Information supplied =>

((

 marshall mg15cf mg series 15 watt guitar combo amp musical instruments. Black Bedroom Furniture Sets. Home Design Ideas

))
((

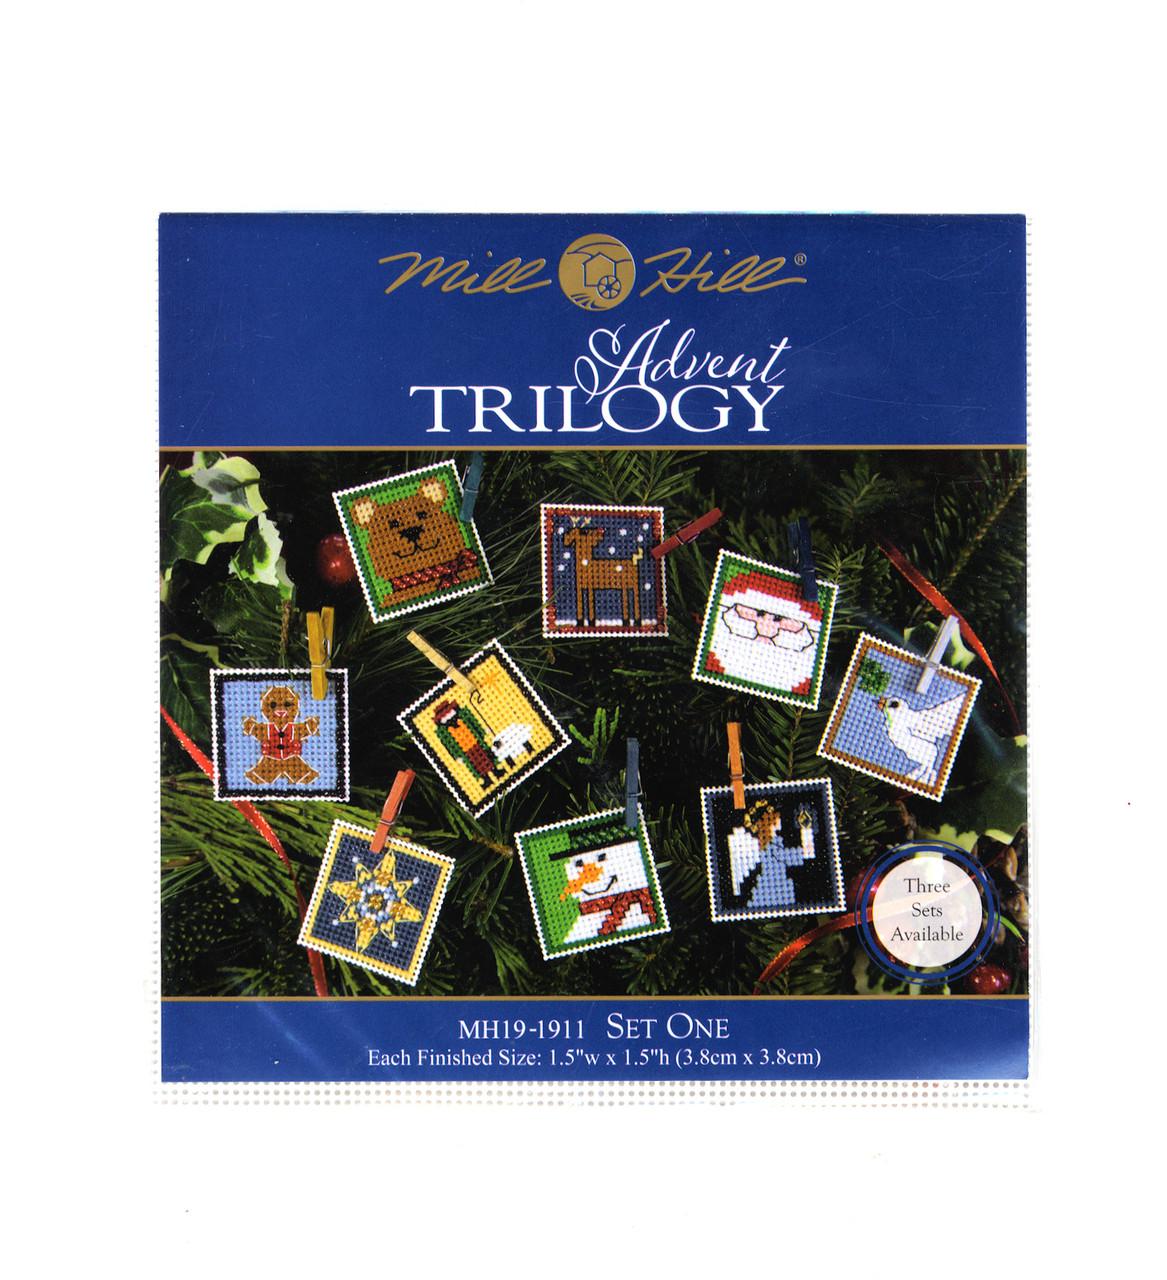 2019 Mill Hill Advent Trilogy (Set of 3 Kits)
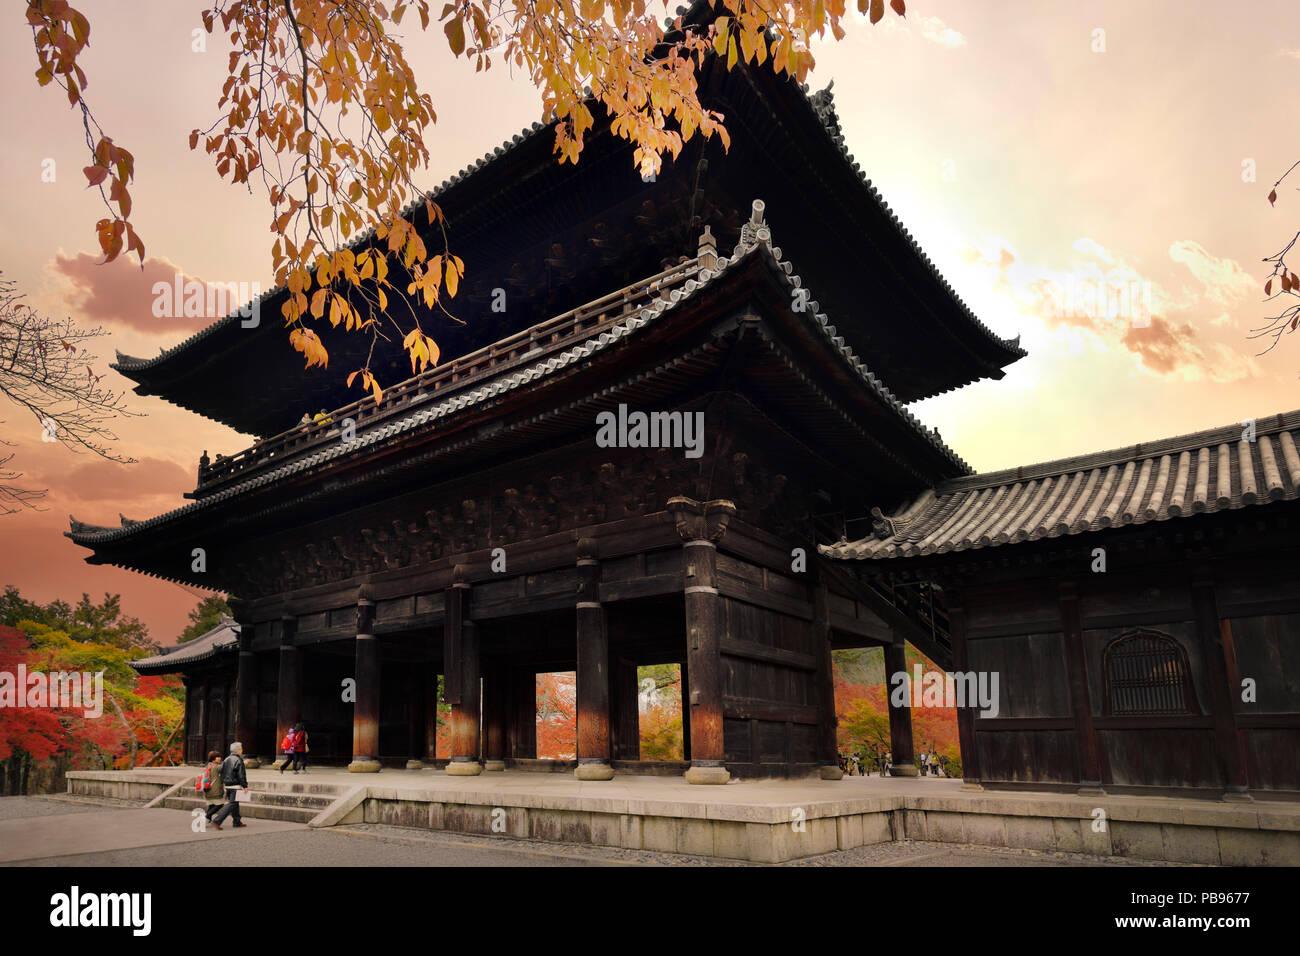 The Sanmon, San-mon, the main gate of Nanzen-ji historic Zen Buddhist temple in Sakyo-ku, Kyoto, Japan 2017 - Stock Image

))

What the exercise asks =>
What's needed is an exact copy of the records above from the line containing "2019 Mill Hill" down to the line containing "The Sanmon, San-mon, the", both included, without any pictures.

Result =>
 2019 Mill Hill Advent Trilogy (Set of 3 Kits)
 The Sanmon, San-mon, the main gate of Nanzen-ji historic Zen Buddhist temple in Sakyo-ku, Kyoto, Japan 2017 - Stock Image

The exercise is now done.